● YOUR GOAL
Transcribe nothing except the lines below that run from the one with "Ukraina president Viktor" to the one with "Camisa tejida de", ends included, and do not copy any picture.

INPUT FOR THIS TASK below:

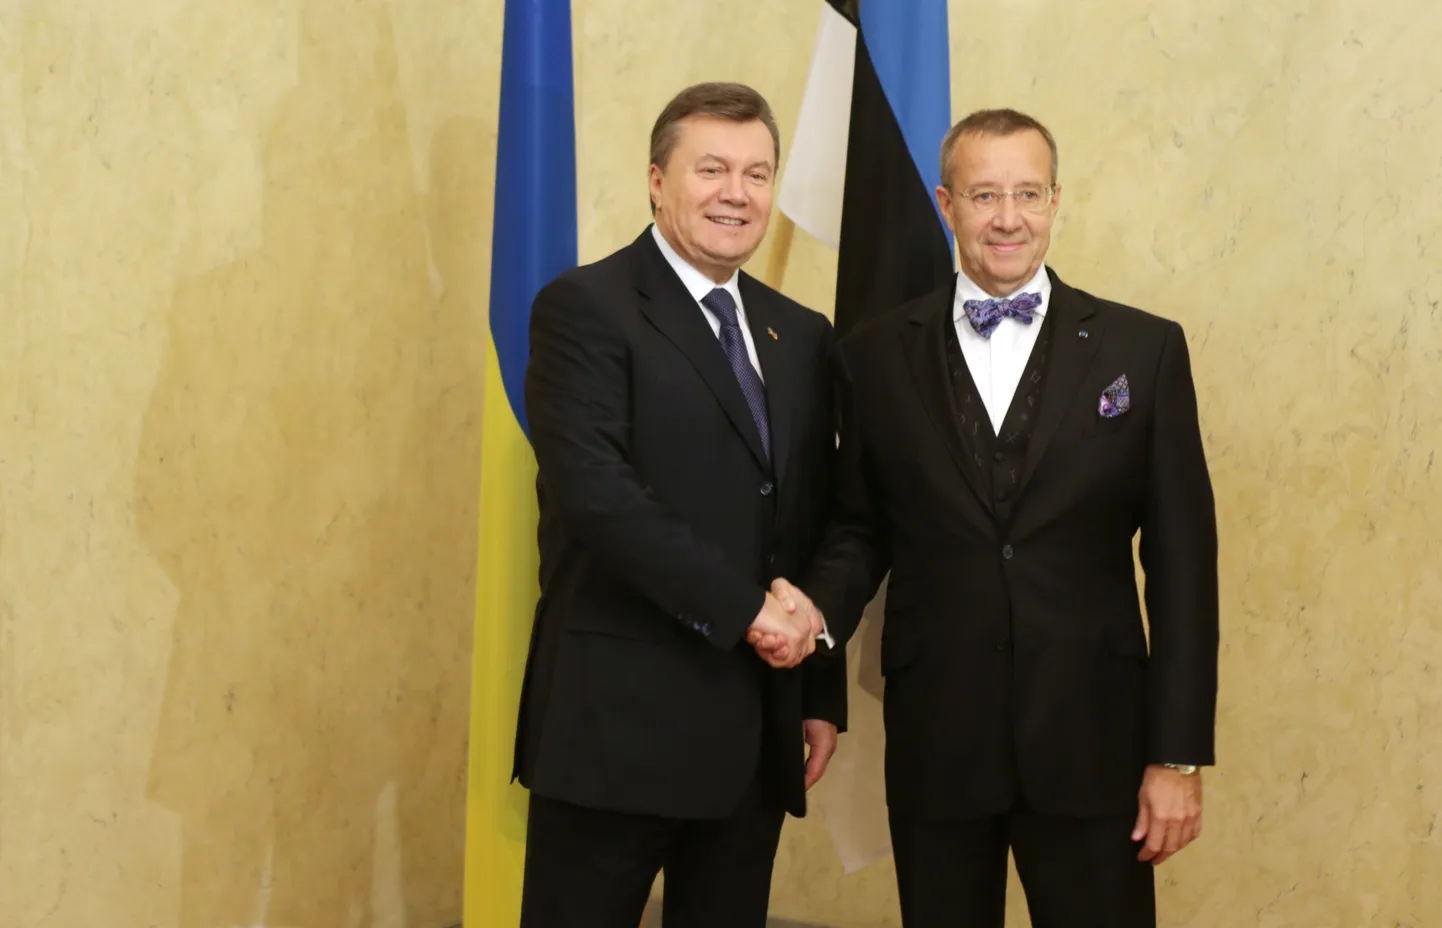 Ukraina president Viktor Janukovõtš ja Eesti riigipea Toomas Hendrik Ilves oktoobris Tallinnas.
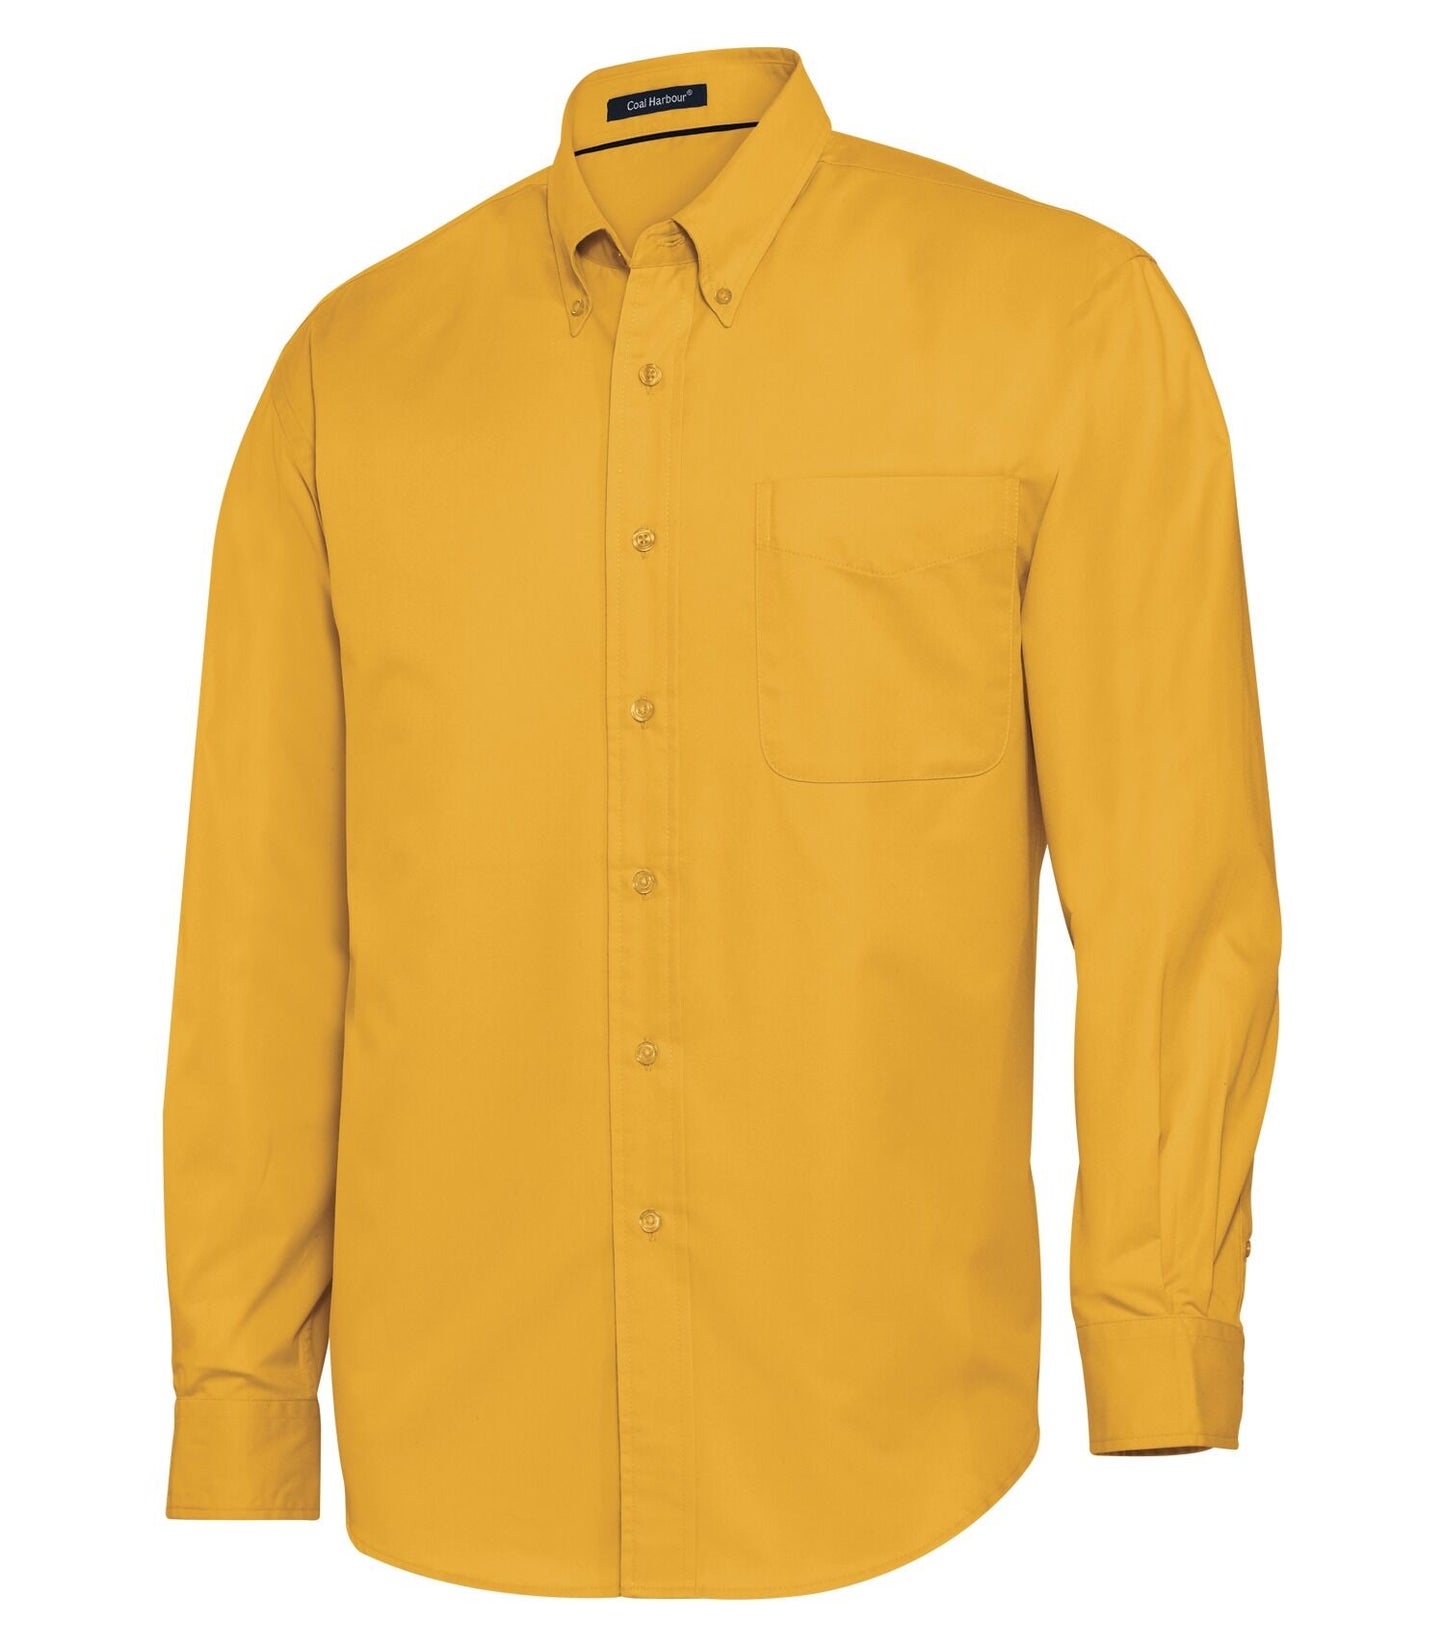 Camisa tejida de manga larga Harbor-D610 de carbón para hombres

End of INPUT FOR THIS TASK.
INPUT FOR THIS TASK below:

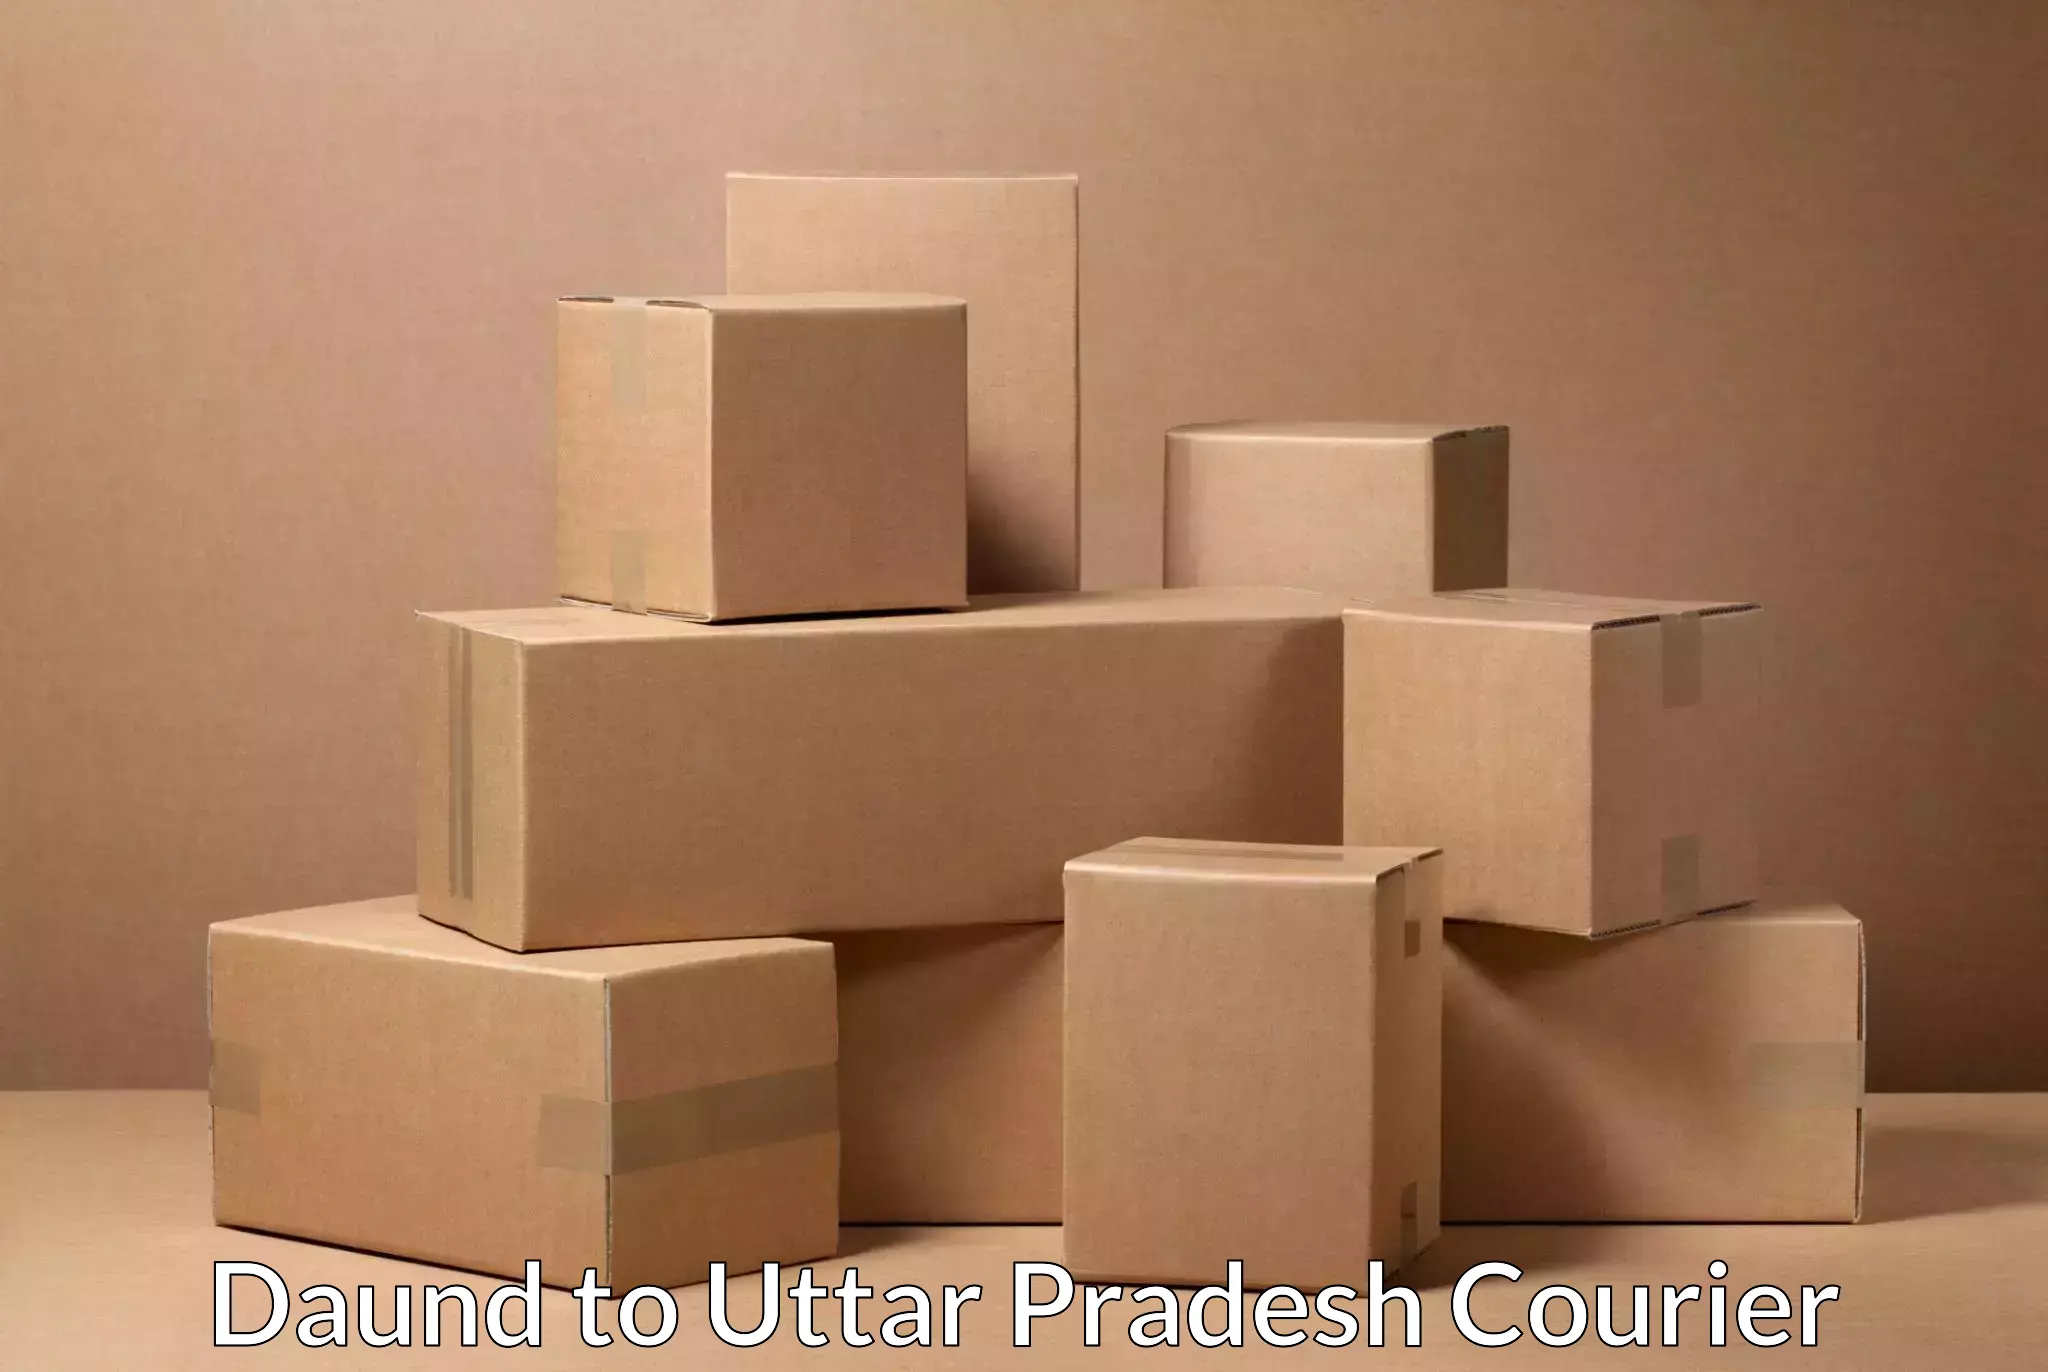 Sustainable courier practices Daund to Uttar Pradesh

End of INPUT FOR THIS TASK.
INPUT FOR THIS TASK below:

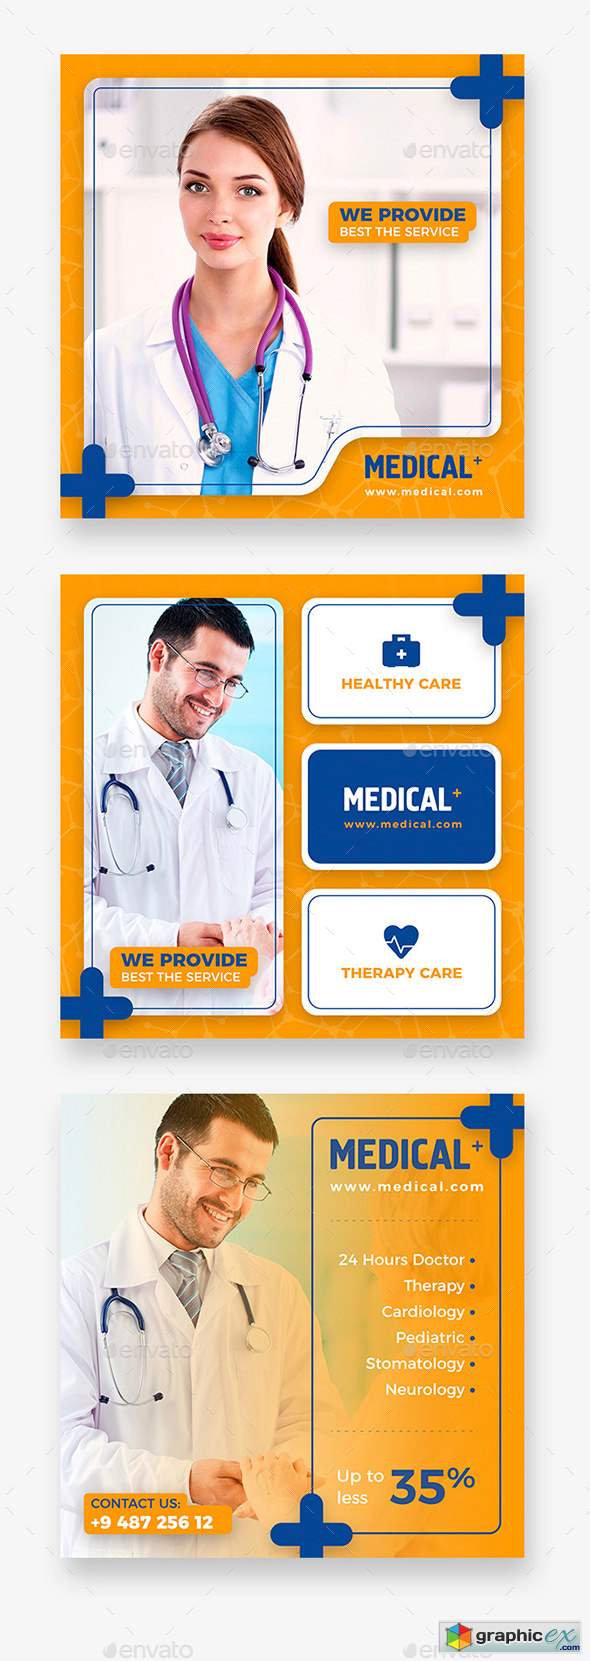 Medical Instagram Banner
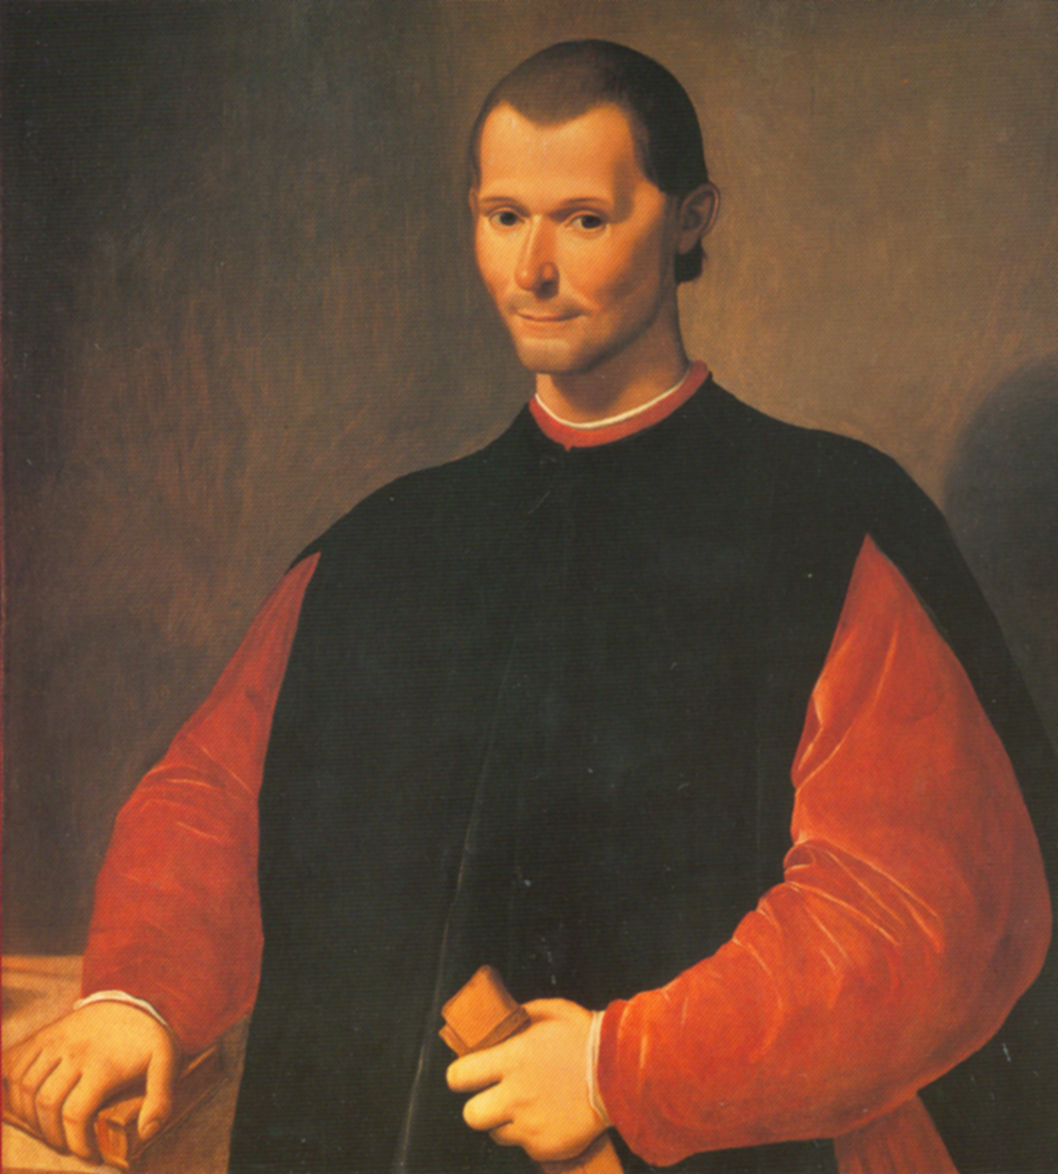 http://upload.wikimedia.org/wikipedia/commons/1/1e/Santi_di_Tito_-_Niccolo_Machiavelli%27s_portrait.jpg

End of INPUT FOR THIS TASK.

● RESULT
 Ukraina president Viktor Janukovõtš ja Eesti riigipea Toomas Hendrik Ilves oktoobris Tallinnas.
 Camisa tejida de manga larga Harbor-D610 de carbón para hombres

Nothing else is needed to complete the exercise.